Pronóstico de series de tiempo

Bien, hablar de series de tiempo es hablar de pronosticar. En este caso, o en la mayoría de los casos, el objetivo siempre es saber qué va a pasar en el futuro: estimar o predecir, pronosticar cantidades a futuro.

Ejemplo de esto son temperaturas, precios de acciones y, cómo vamos a ver en este ejemplo, la cantidad de bicicletas que estén en uso en una determinada hora.

Las series de tiempo entrarían dentro de lo que son un modelo estadístico que toma como primicia que el futuro se puede predecir a través del pasado.
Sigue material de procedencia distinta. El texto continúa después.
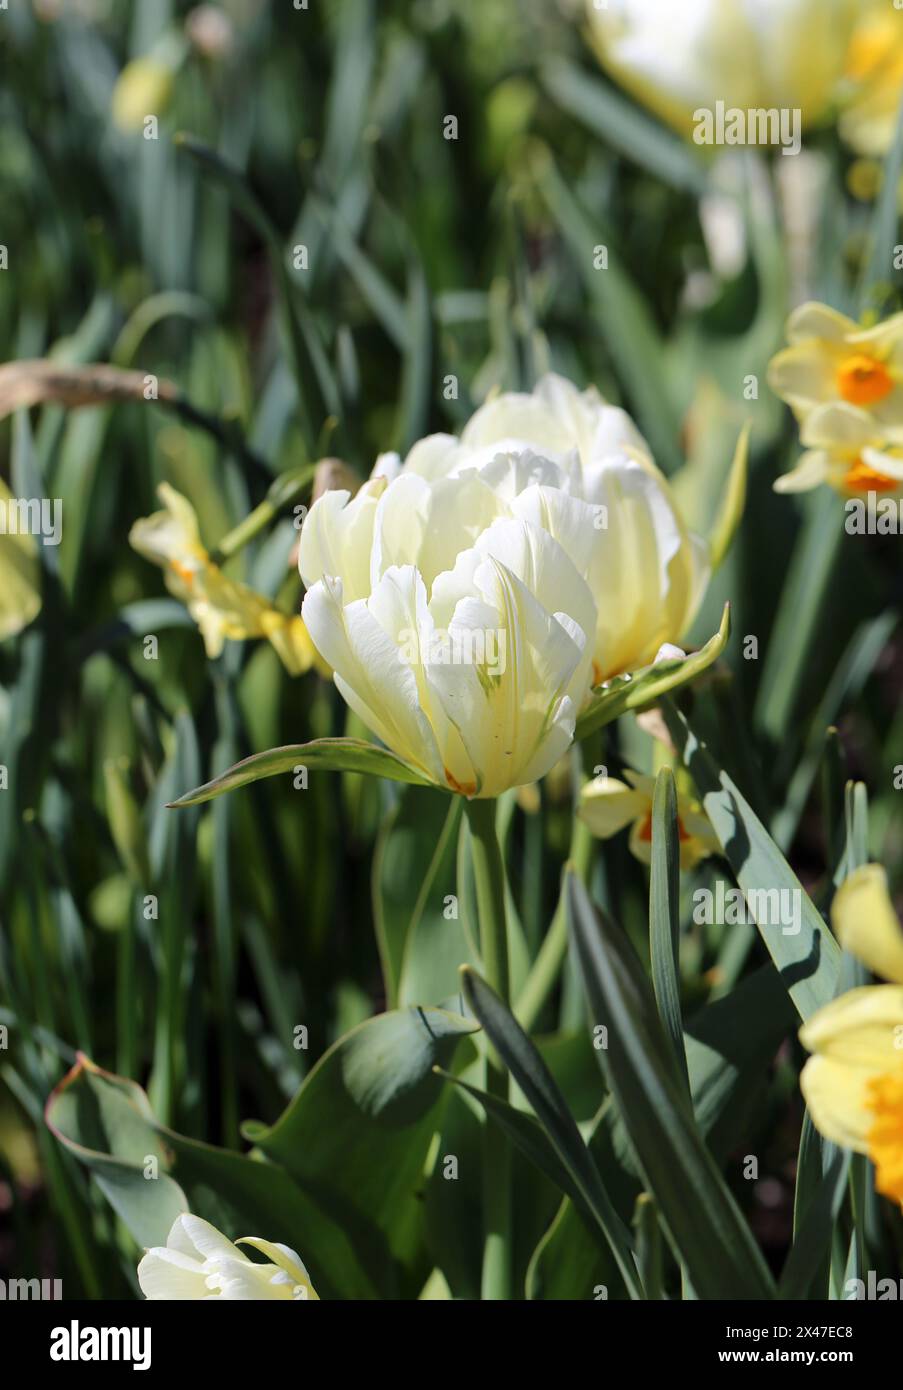 Tulipe blanche. Belles fleurs de tulipes photographiées dans le jardin botanique de Gothenburg, Suède (SVE : Botaniska Trädgården Göteborg). Gros plan sur la nature. Banque D'Images
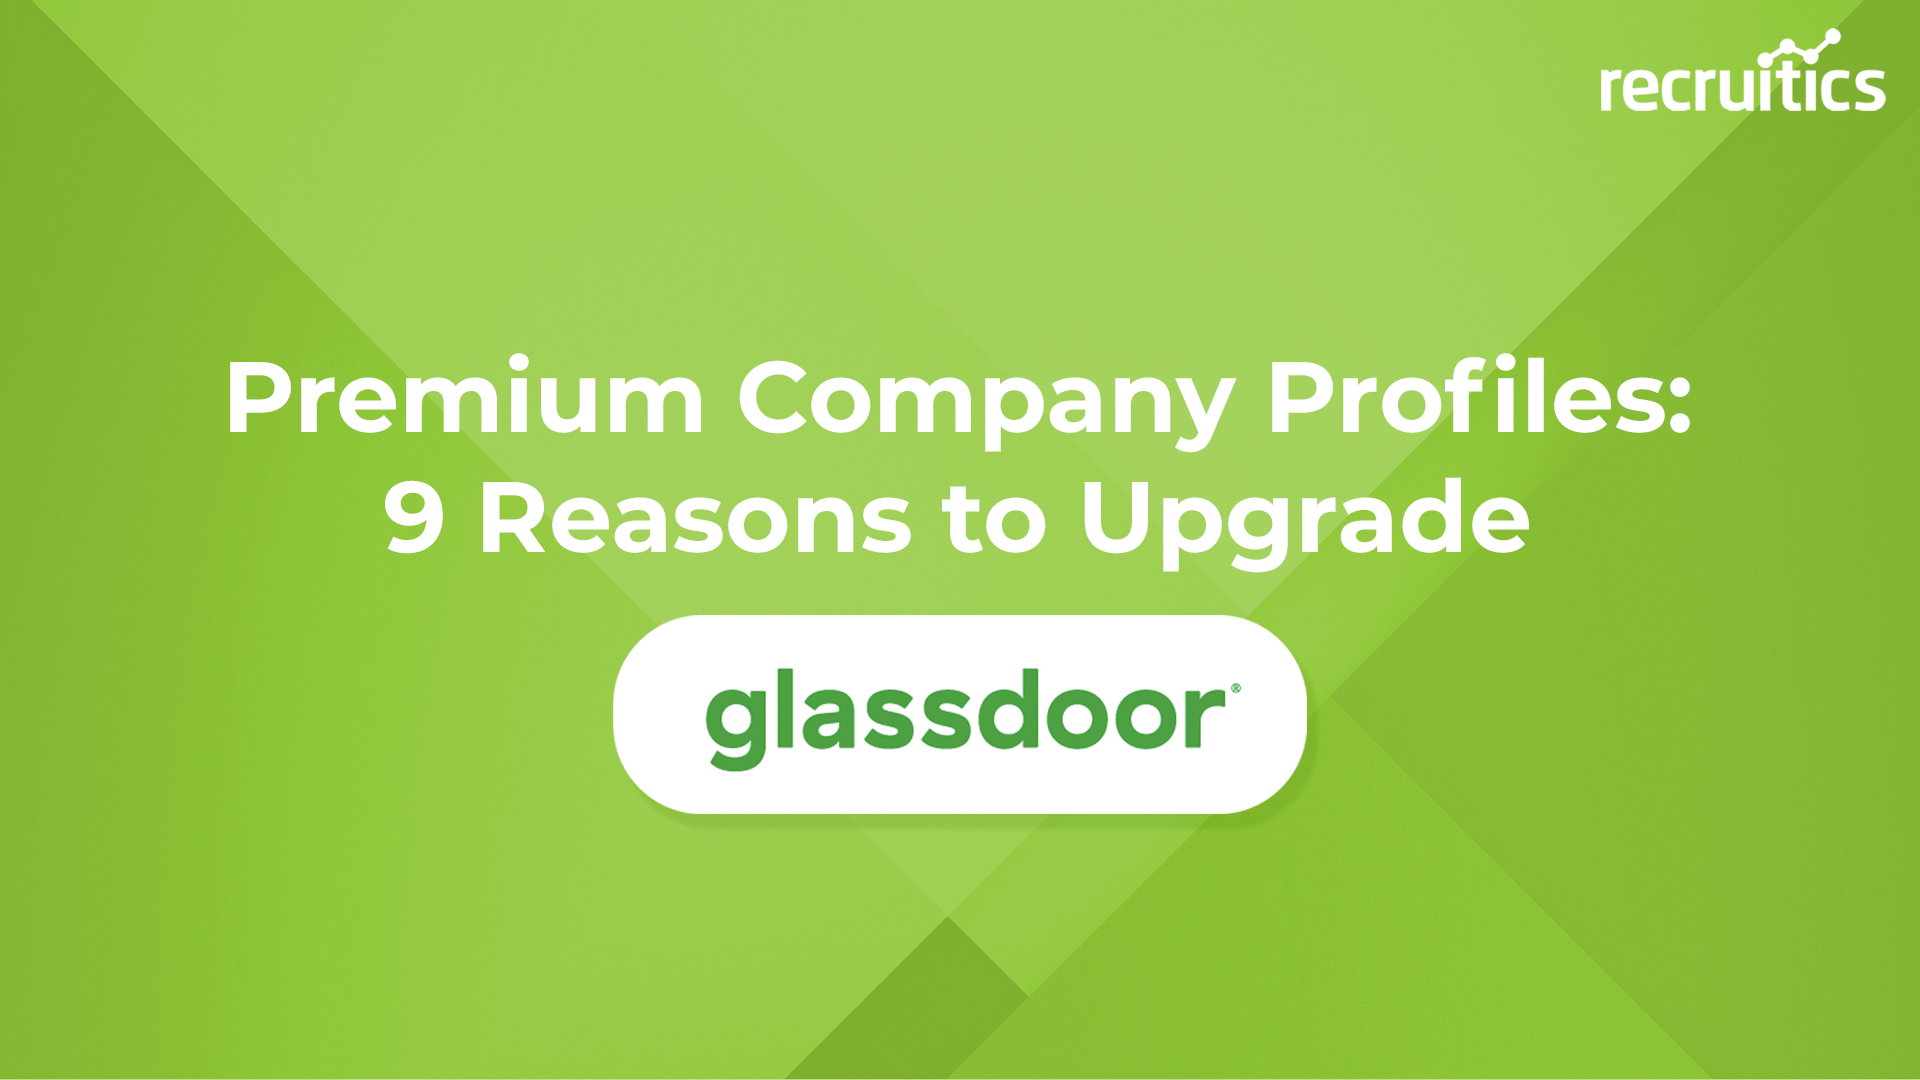 Glassdoor’s Premium Company Profiles 9 Reasons to Upgrade

Un pronóstico de serie de tiempo lo que nos da es una idea de lo que pudiera pasar después si sigue pasando lo que ha venido ocurriendo, valga la redundancia.

Datos Ecobici

En este caso, vamos a hablar sobre el sistema de bicicletas públicas de la Ciudad de México. Esto, digamos que en varios puntos de la ciudad hay diferentes estaciones, en donde hay aparcadas o estacionadas bicicletas que los turistas y habitantes pueden usar luego de que se den de alta.

Lo que vamos a estudiar en este vídeo, es cuantos usuarios por hora existen. Entonces, para esto vamos a utilizar datos de febrero. Ahora, vamos a ver cómo obtener los datos.

Por ejemplo vamos a utilizar datos del lunes 24 de febrero, martes 25 y miércoles 26. En donde, vamos a agrupar por hora la cantidad de personas que están usando bicicletas.

Lo que vamos a hacer es pronosticar o predecir lo que pasaría el jueves y el viernes. Entonces, lo que está acá en negro serían los datos que tenemos, es decir el pasado. Por otra parte, lo azul sería el futuro.

Esto es, algo que todavía no hemos visto y queremos predecir en base al pasado.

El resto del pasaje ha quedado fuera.